Quality assurance of our data collection

Page reviewed:  14/04/2025

To ensure the quality of the data we collect under the national Data Collection Framework (DCF), we use several quality assurance measures. You can read more about these here.

National Programs and Annual Reports

On the Swedish Agency for Marine and Water Management's website you can find Sweden's national programs for data collection and subsequent annual reports listing those collection results.

Data collection, storage, processing and quality control

  • We record field data from fisheries-dependent surveys either on paper or in E-reg.
  • We record field data from fisheries-independent surveys in E-reg and Sve-reg.

Download the E-reg quick guide (docx).

Download the Sve-reg quick guide (docx).

Data collection manuals can be provided by contacting lars.magnus.andersson@slu.se.

We carry out quality checks on data at different stages:

Data collection is made by Institute of Marine Research, Department of Aquatic resources (SLU Aqua), Swedish University of Agricultural Sciences.

Data is either registered on paper forms and recorded manually into the database or captured electronically with the applications E-reg or Sve-reg.
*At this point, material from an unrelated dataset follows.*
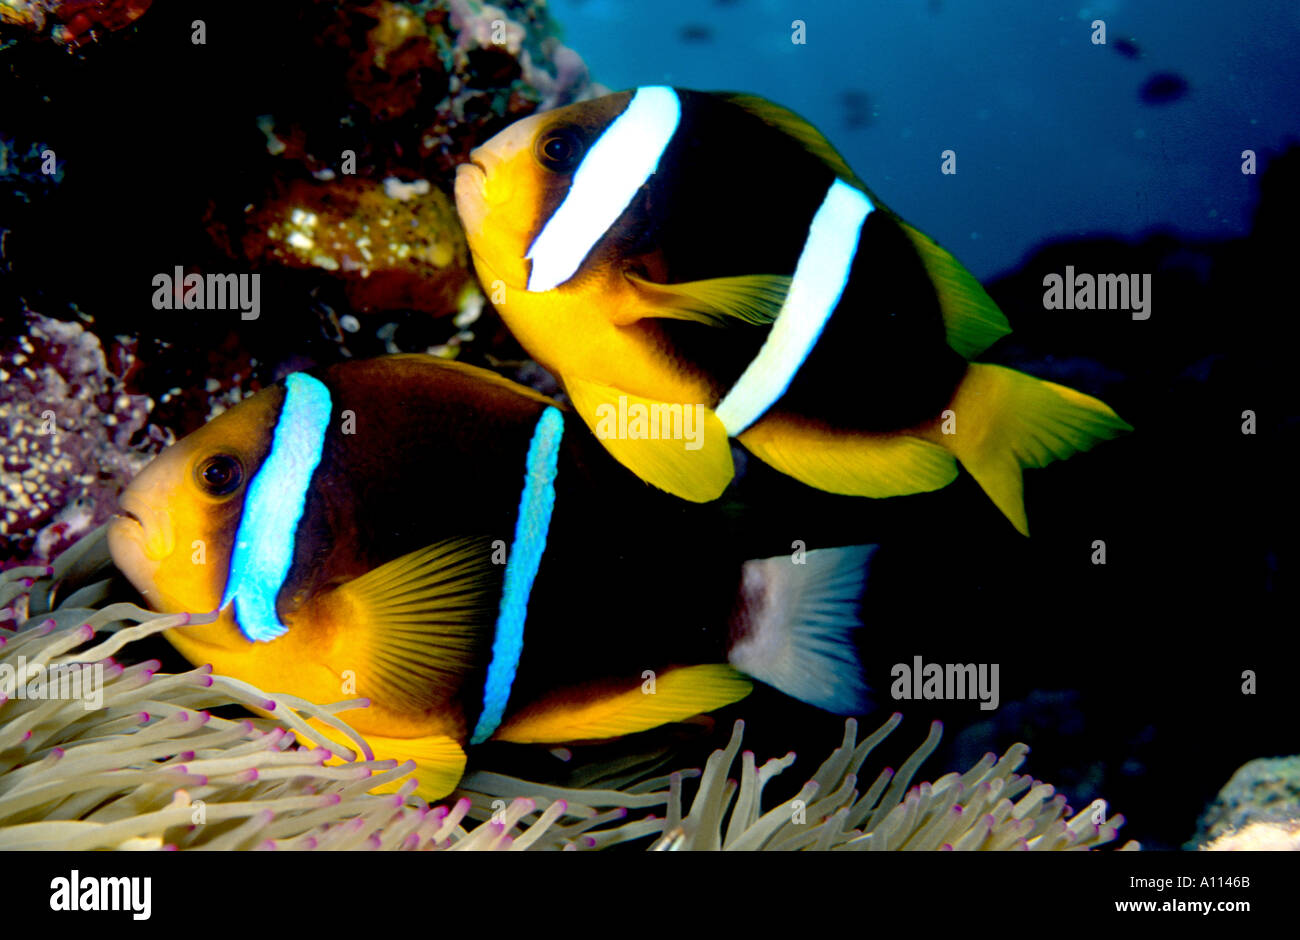 A PAIR OF CLARKS ANEMONEFISH Amphiprion clarkii POSE SIDE BY SIDE ABOVE THEIR HOST ANEMONE IN FIJI Stock Photo

The same checks are made when data is registered or imported to the database.

The following checks are some of those done when data is saved into the database:

  • is there data in the haul?
  • is there length data for each individual?
  • is there a total weight for the catch?
  • is the sample weight smaller than the total weight?
  • are all mandatory fields for this sampling type filled in?
  • is there a length frequency when specimen data exist?

The database (and the electronic sampling applications) has species codes and lists of predefined gear types etc.

Spatial checks can be made roughly in the database by a map with positions of sampling stations.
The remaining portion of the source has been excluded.